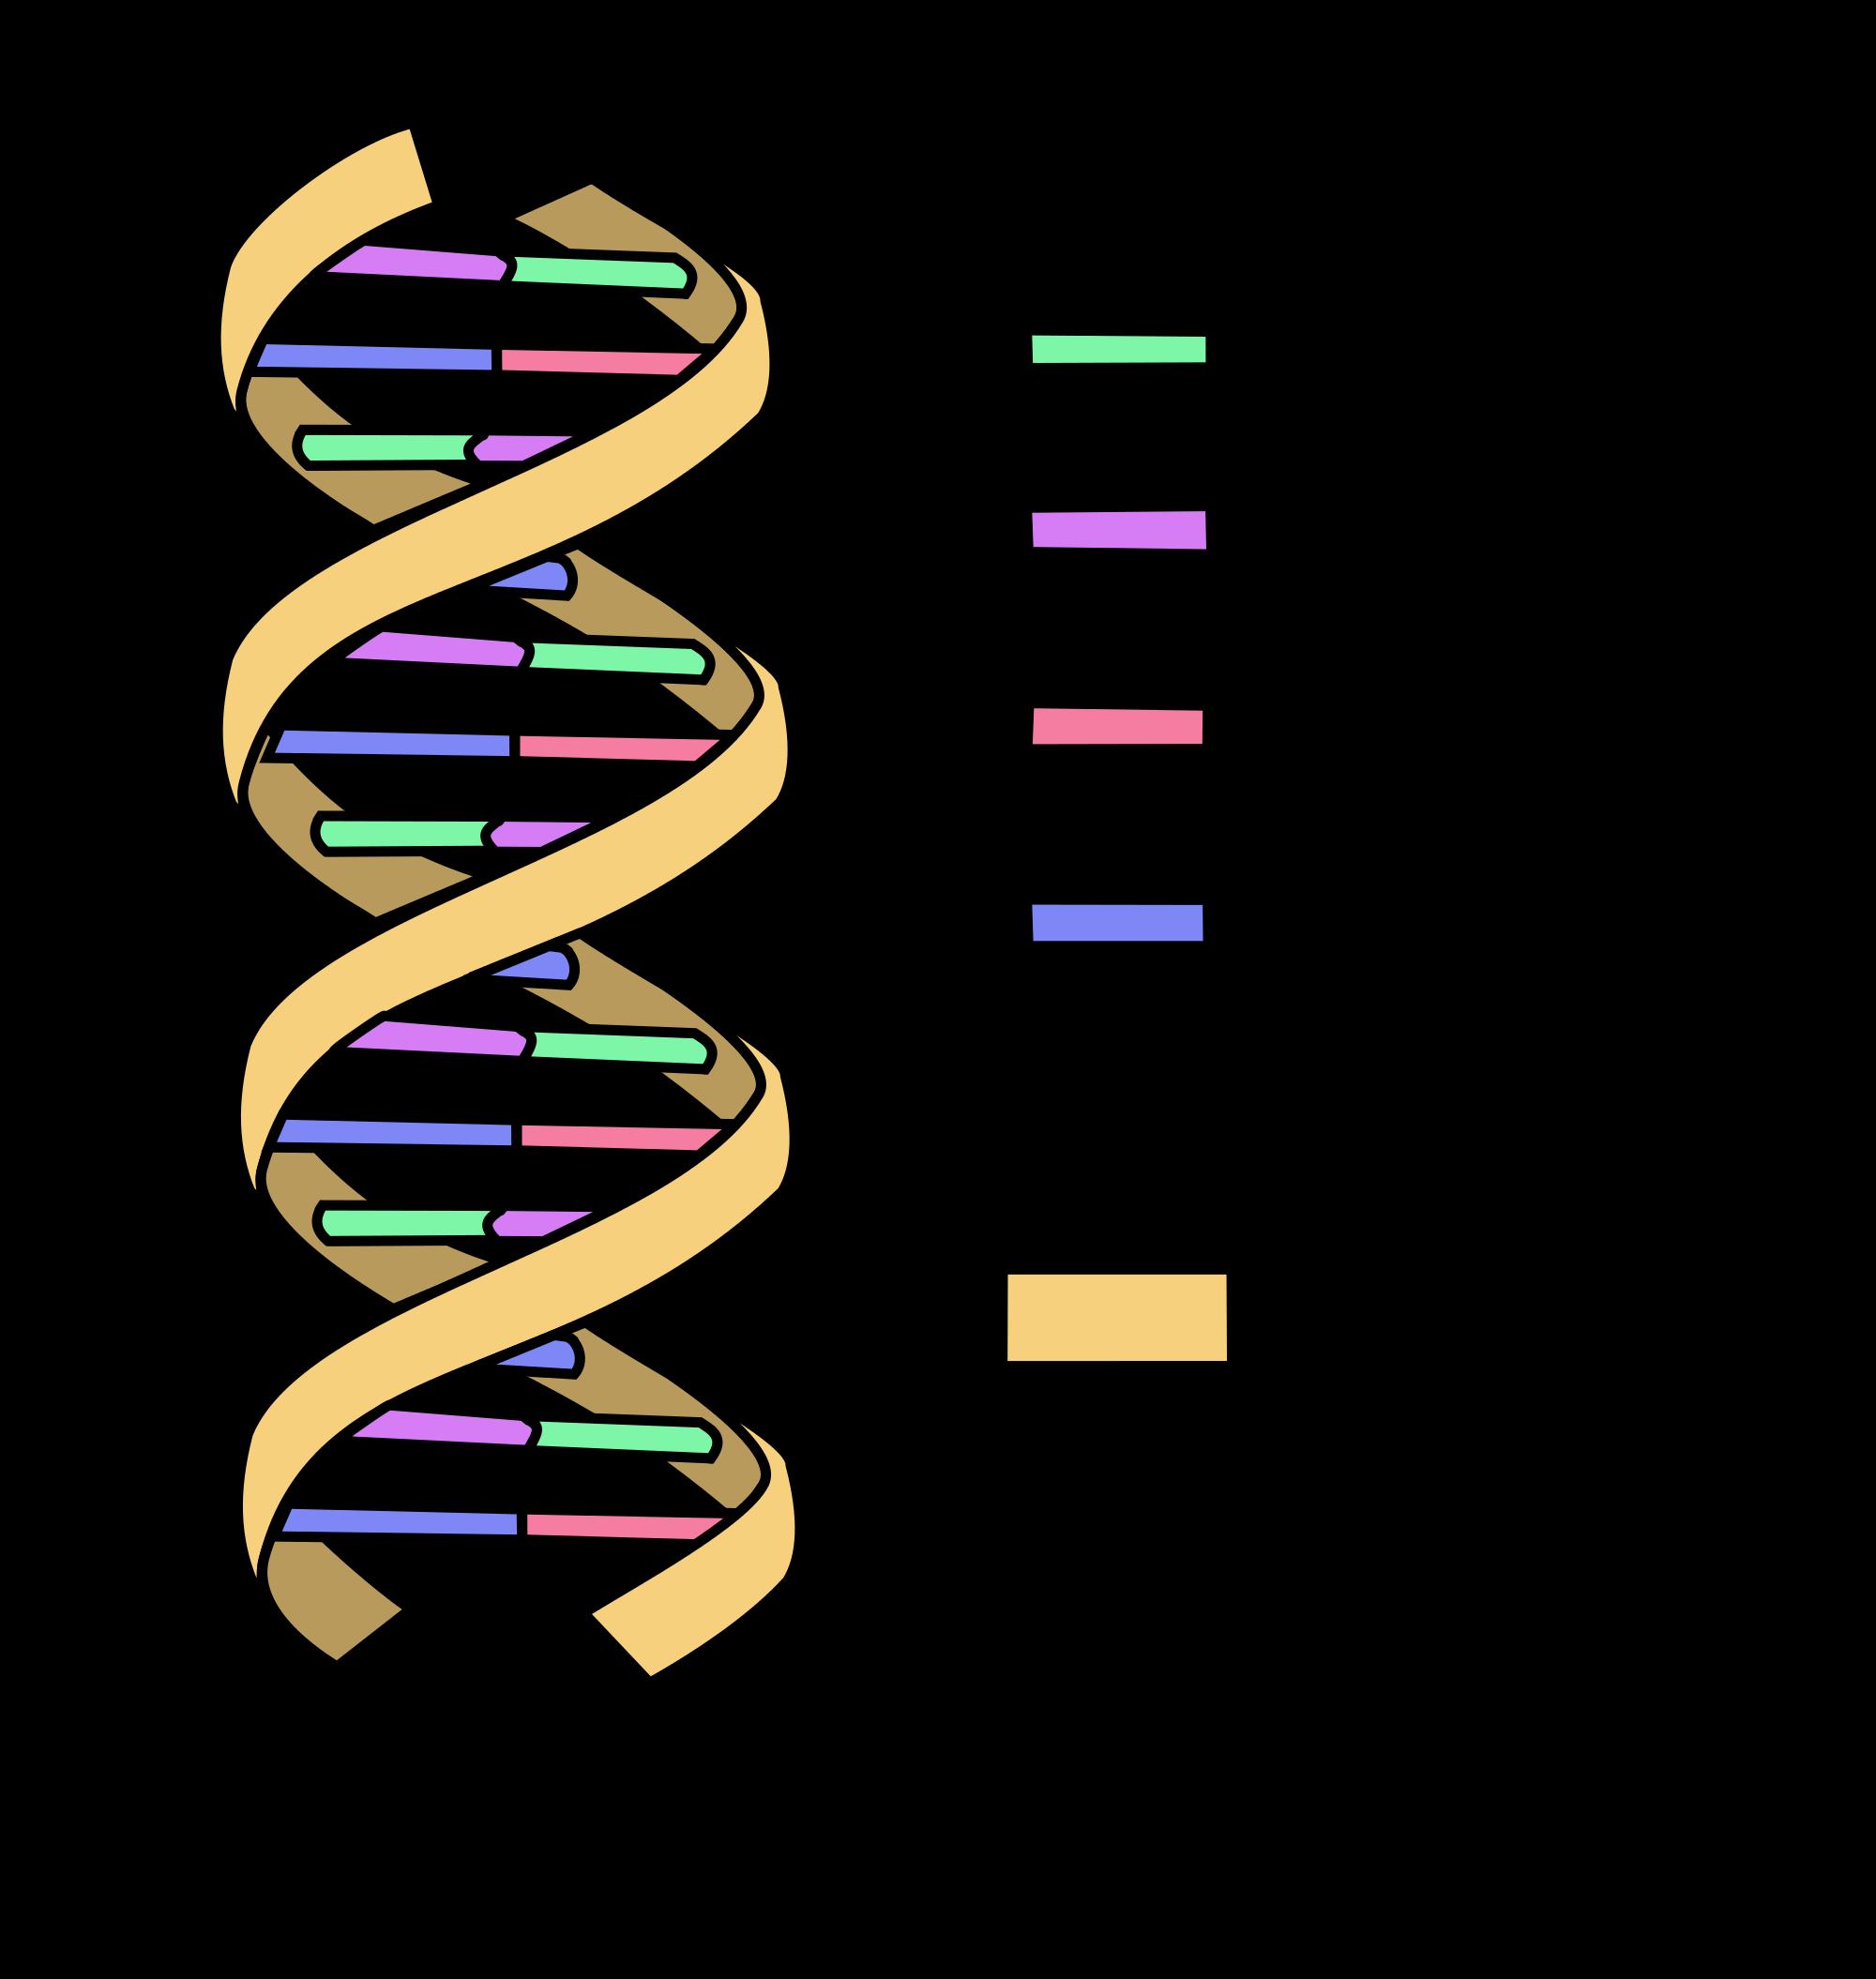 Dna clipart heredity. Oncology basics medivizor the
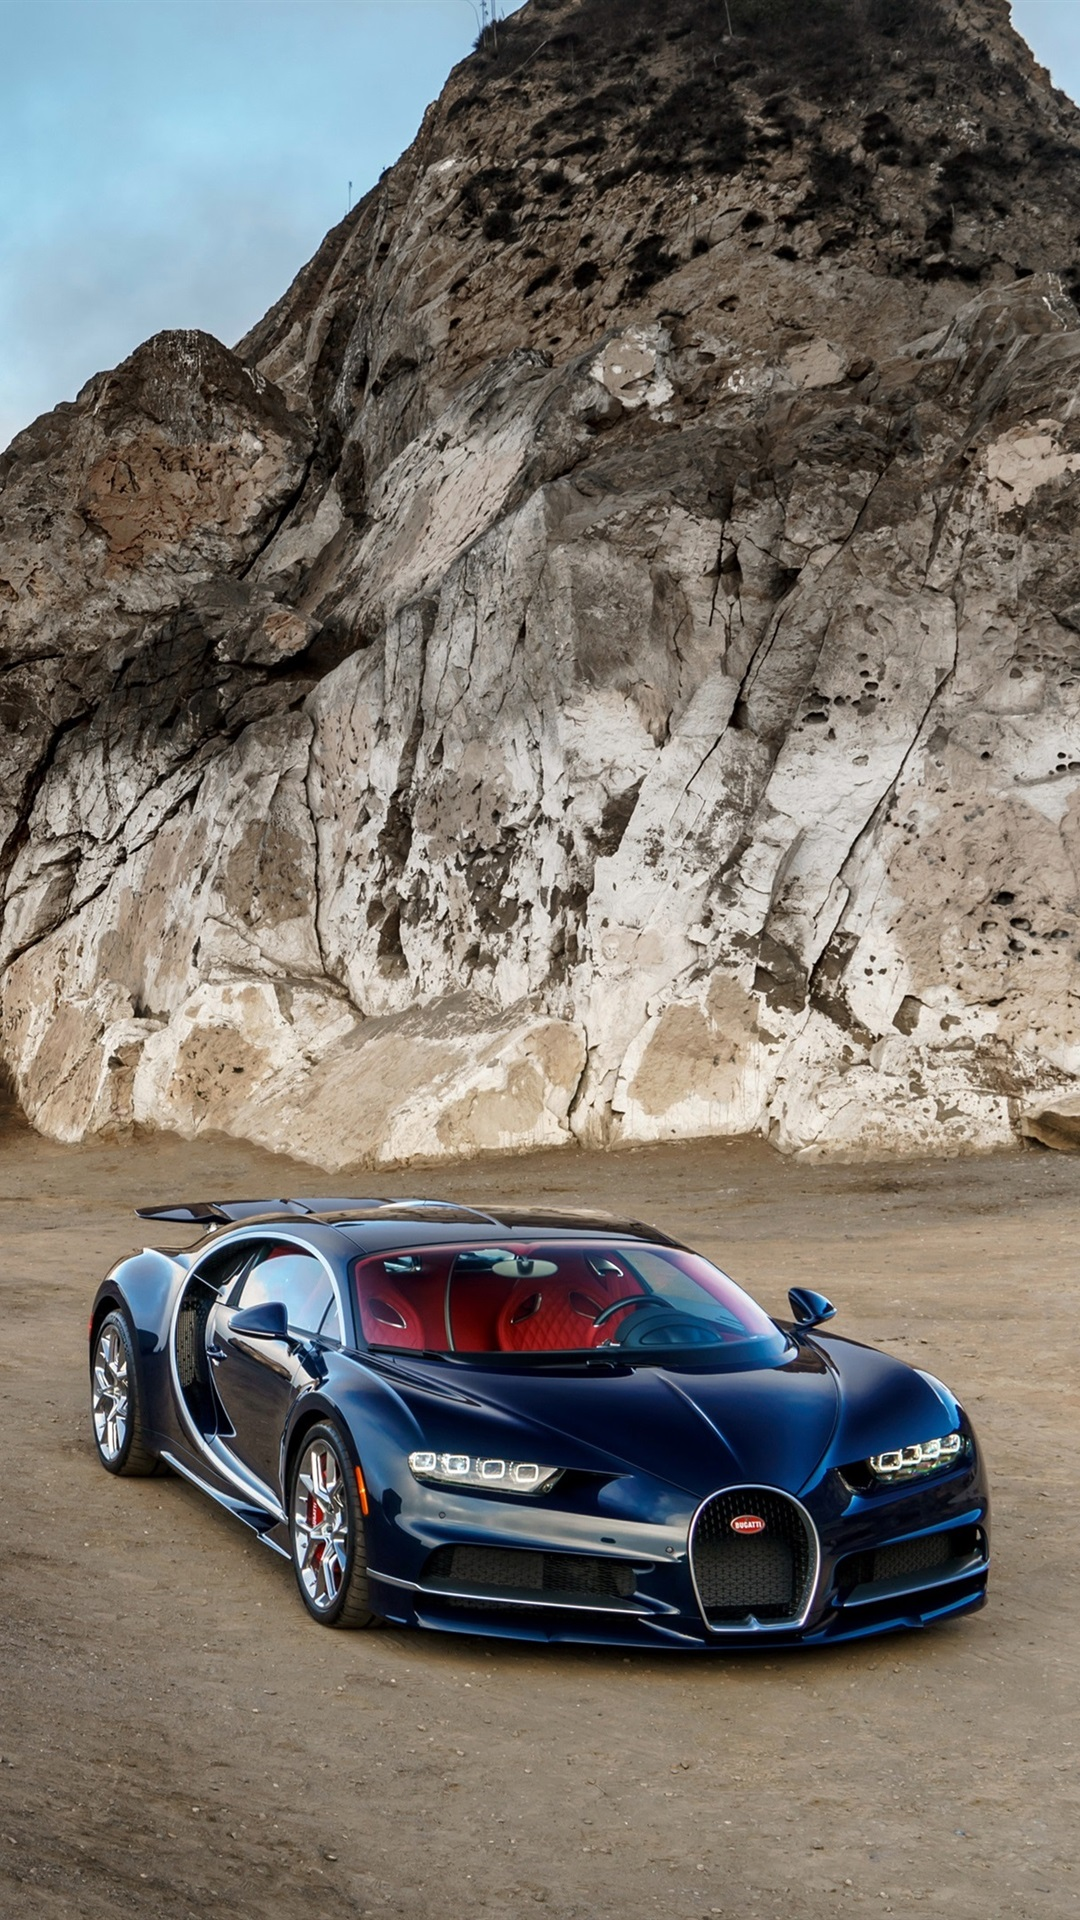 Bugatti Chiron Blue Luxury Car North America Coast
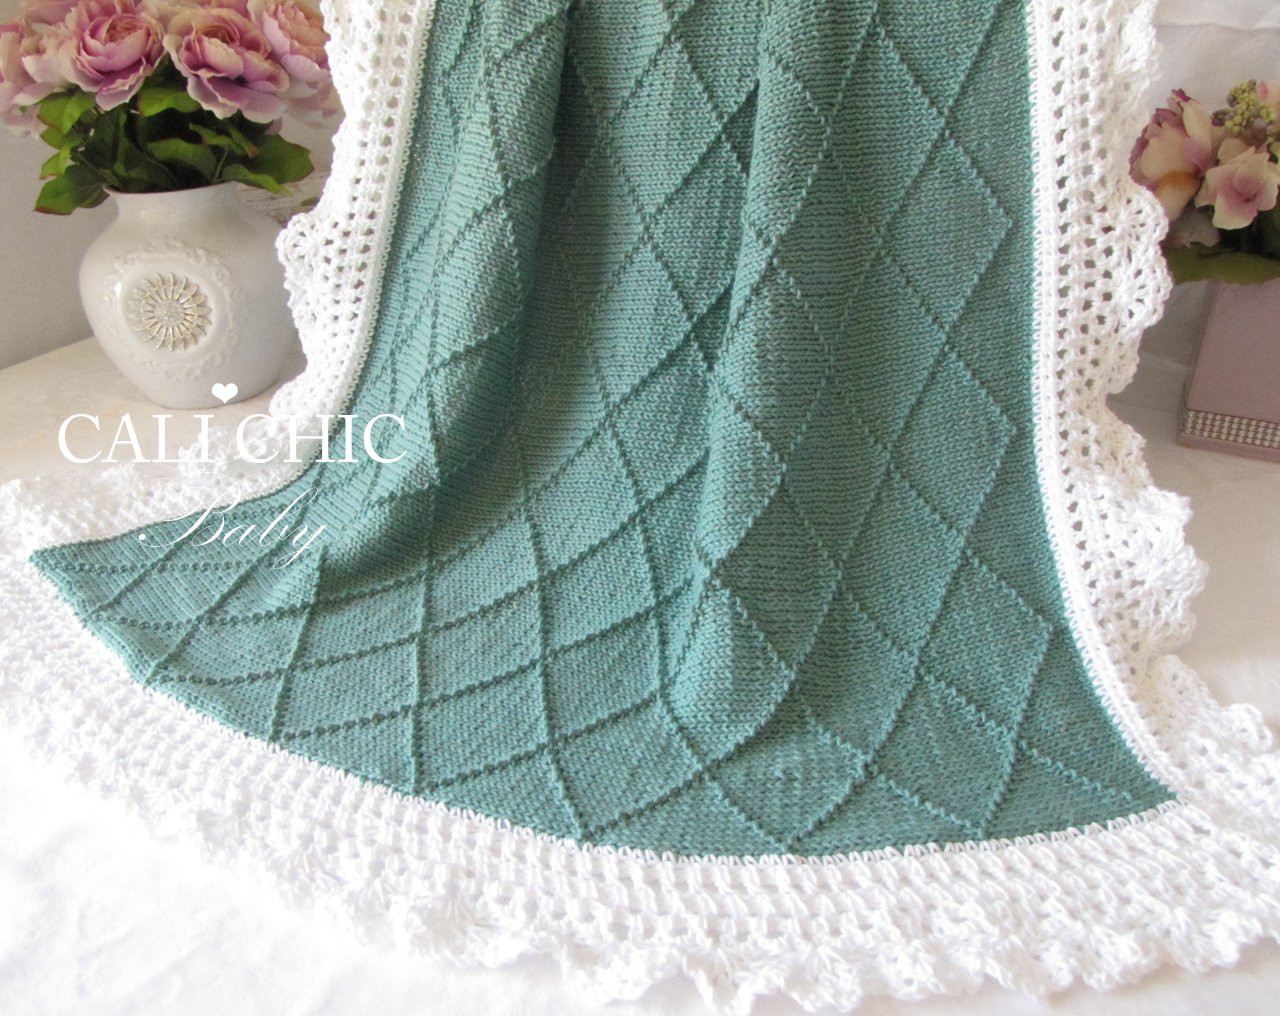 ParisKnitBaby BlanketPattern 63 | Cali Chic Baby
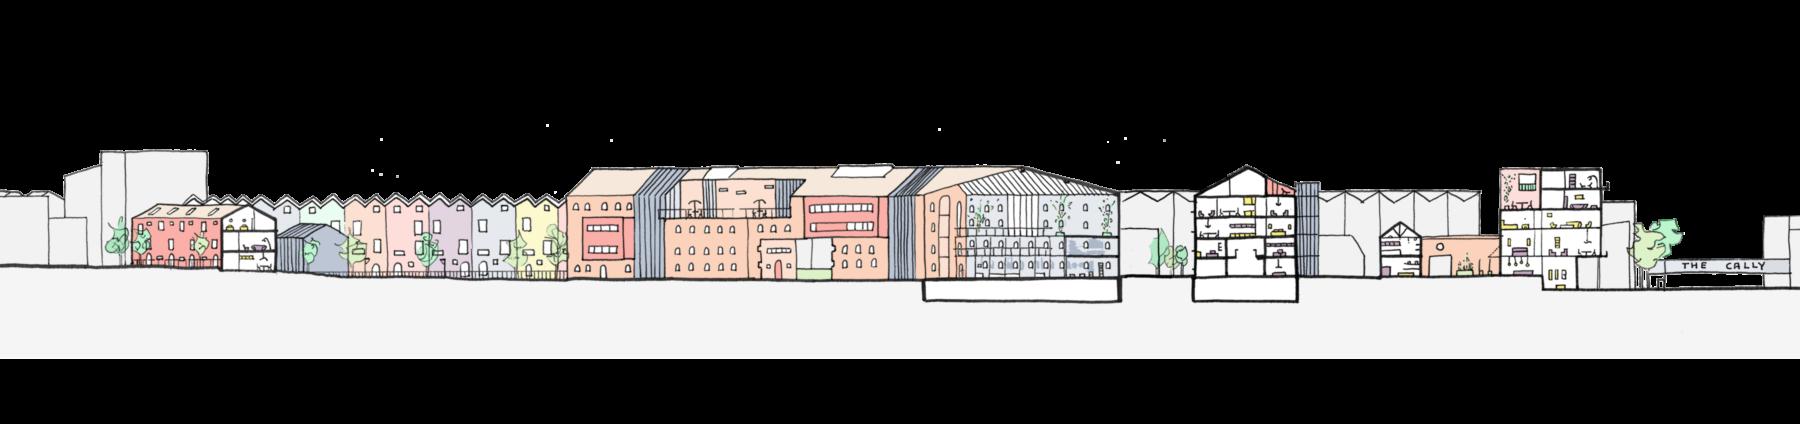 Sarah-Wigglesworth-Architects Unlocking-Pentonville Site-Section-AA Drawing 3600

### ACTIVITY
What do the lines above say from the line containing "Bugatti Chiron Blue" through the last line? Quote them exactly, both ends included, and leave out the pictures.

### ANSWER
 Bugatti Chiron Blue Luxury Car North America Coast
 ParisKnitBaby BlanketPattern 63 | Cali Chic Baby
 Sarah-Wigglesworth-Architects Unlocking-Pentonville Site-Section-AA Drawing 3600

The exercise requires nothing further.